Jianbo Chen,Michael I. Jordan
Abstract:We study the problem of interpreting trained classification models in the setting of linguistic data sets. Leveraging a parse tree, we propose to assign least-squares based importance scores to each word of an instance by exploiting syntactic constituency structure. We establish an axiomatic characterization of these importance scores by relating them to the Banzhaf value in coalitional game theory. Based on these importance scores, we develop a principled method for detecting and quantifying interactions between words in a sentence. We demonstrate that the proposed method can aid in interpretability and diagnostics for several widely-used language models.
What problem does this paper attempt to address?
The main problem that this paper attempts to solve is to improve the interpretability of natural language processing (NLP) models, especially when dealing with language data. Specifically, the author proposes a method based on syntactic structure to explain the trained classification model, by assigning least - squares importance scores to each word in the sentence and using the Banzhaf value in cooperative game theory for theoretical support.
### Main Problems and Solutions
1. **Problem Background**:
- Modern machine - learning models are difficult to understand and debug after training, which poses challenges to the trustworthiness, diagnosis, debugging, and robustness of the models.
- Current explanation methods either simplify the model to enhance interpretability, resulting in a decline in prediction accuracy; or use black - box methods to explain arbitrary models, but lack prior knowledge for domain - specific explanations.
2. **Research Objectives**:
- Propose a new method to explain NLP models, especially how to quantify the interactions between words in a sentence.
- By introducing syntactic structures (such as phrase trees), assign importance scores to each word, thereby better understanding the prediction process of the model.
3. **Specific Solutions**:
- **LS - Tree Values**: The author proposes a least - squares - based framework, called LS - Tree values, which calculates the importance score of each word by minimizing the squared residuals of each node in the parse tree.

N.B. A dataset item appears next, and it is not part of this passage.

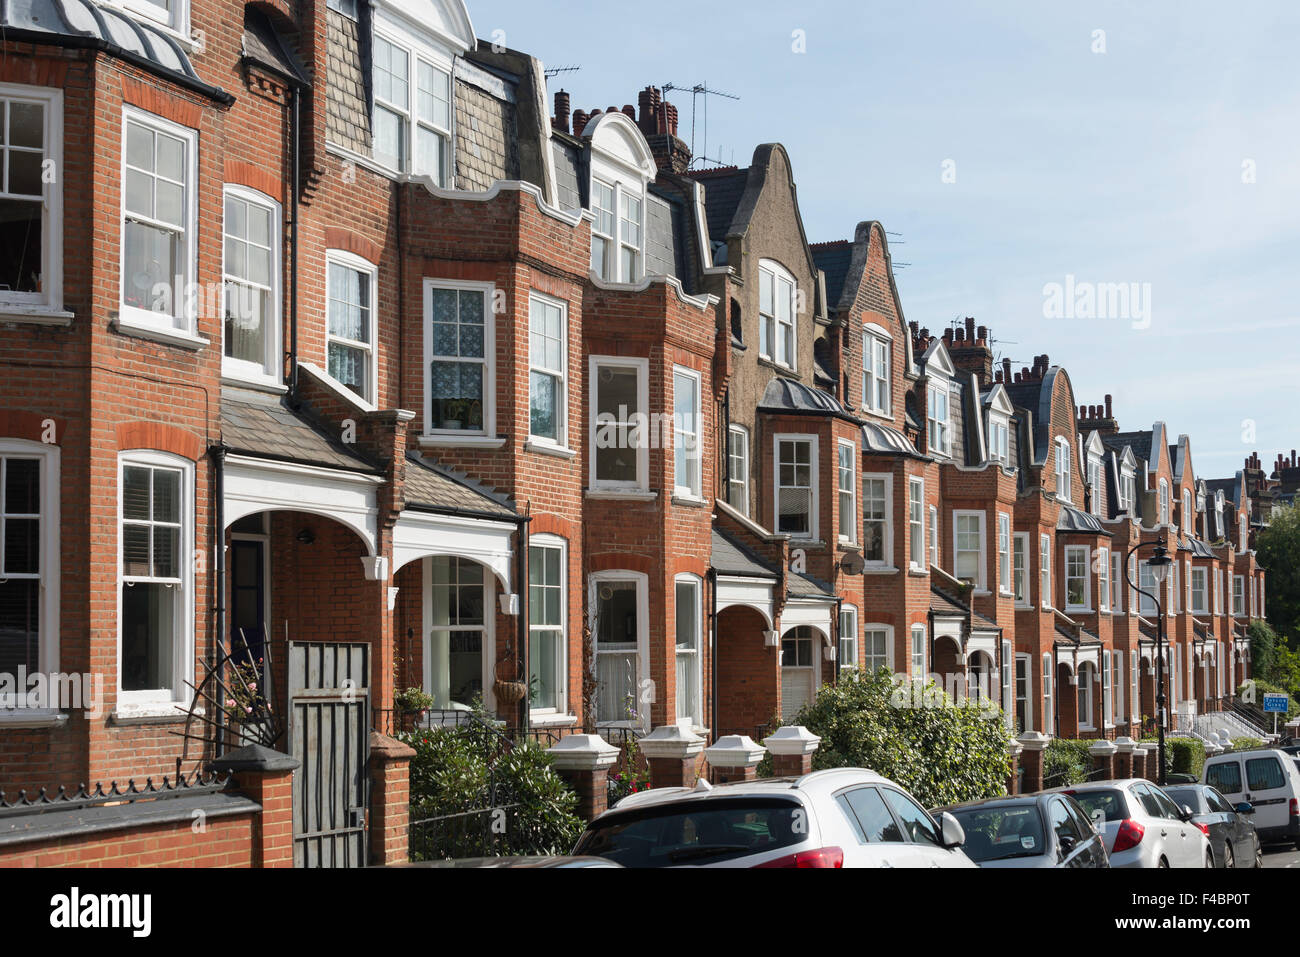 Terraced houses, Hillside Gardens, Highgate, London Borough of Haringey, Greater London, England, United Kingdom - Stock Image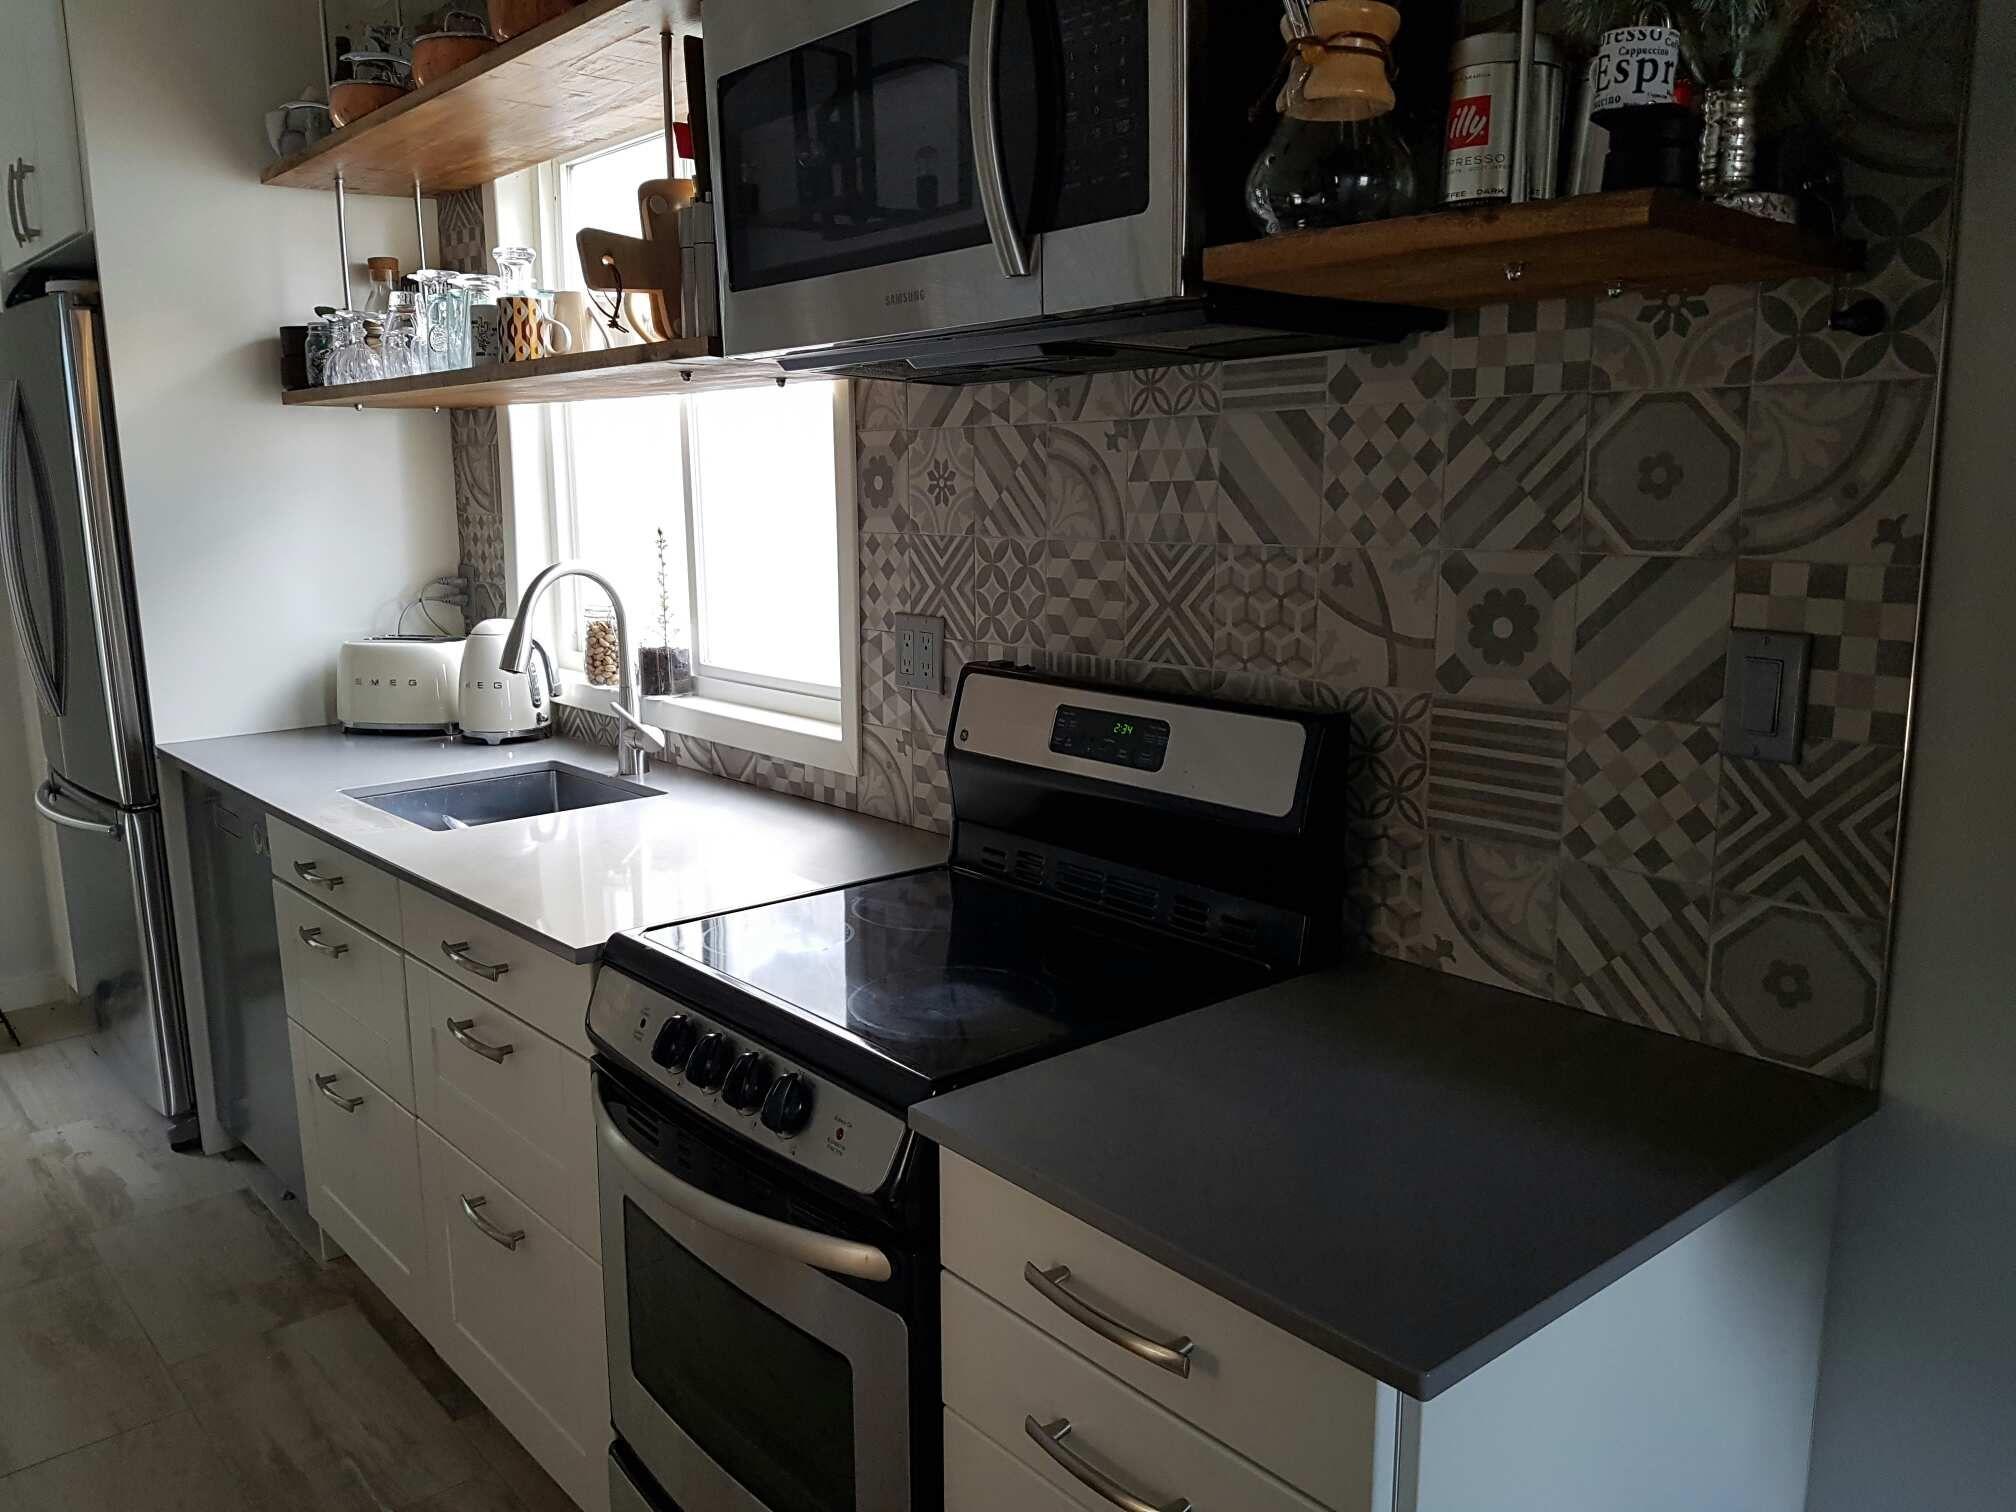 6x6 porcelain tile backsplash mosaic kitchen reno 6x6 porcelain tile backsplash mosaic kitchen reno kitchenreno doublecrazyfo Image collections

These scores are related to the Banzhaf value in cooperative game theory, providing theoretical support.
- **Quantify Interactions**: Based on LS - Tree values, the author develops a new method, using Cook's distance to quantify the interactions between sibling nodes (nodes with a common parent) in a sentence.
- **Experimental Verification**: Through experiments on multiple datasets, the effectiveness of this method is verified, and the abilities of different models (such as linear models, CNN, LSTM, BERT) in capturing nonlinear and adversarial relationships are analyzed.
### Key Formulas
1. **Least - Squares Problem for LS - Tree Values**:
\[
\min_{\psi \in \mathbb{R}^d} \sum_{S \in \wp} [v(S) - \sum_{i \in S} \psi_i]^2
\]
where \( v(S) = f(S) - f(\emptyset) \), representing the feature function, and \( \psi_i \) is the importance score of the \( i \)-th word.
2. **Cook's Distance**:
\[
D_i = \text{Const.} \cdot (\hat{\beta}(i) - \hat{\beta})^T X^T X (\hat{\beta}(i) - \hat{\beta})
\]
where \( \hat{\beta}(i) \) and \( \hat{\beta} \) are the least - squares estimates after deleting the \( i \)-th data point and the original least - squares estimate, respectively.
### Experimental Results
- **Nonlinear Analysis**: By comparing the correlations of different models with the linear model, it is found that BERT is the most nonlinear model.
- **Adversarial Relationship Capture**: BERT performs best in capturing adversarial relationships (such as "not", "but", etc.), especially on smaller datasets.
In general, this paper provides a systematic method to explain NLP models by introducing LS - Tree values and Cook's distance, and demonstrates its effectiveness in multiple tasks.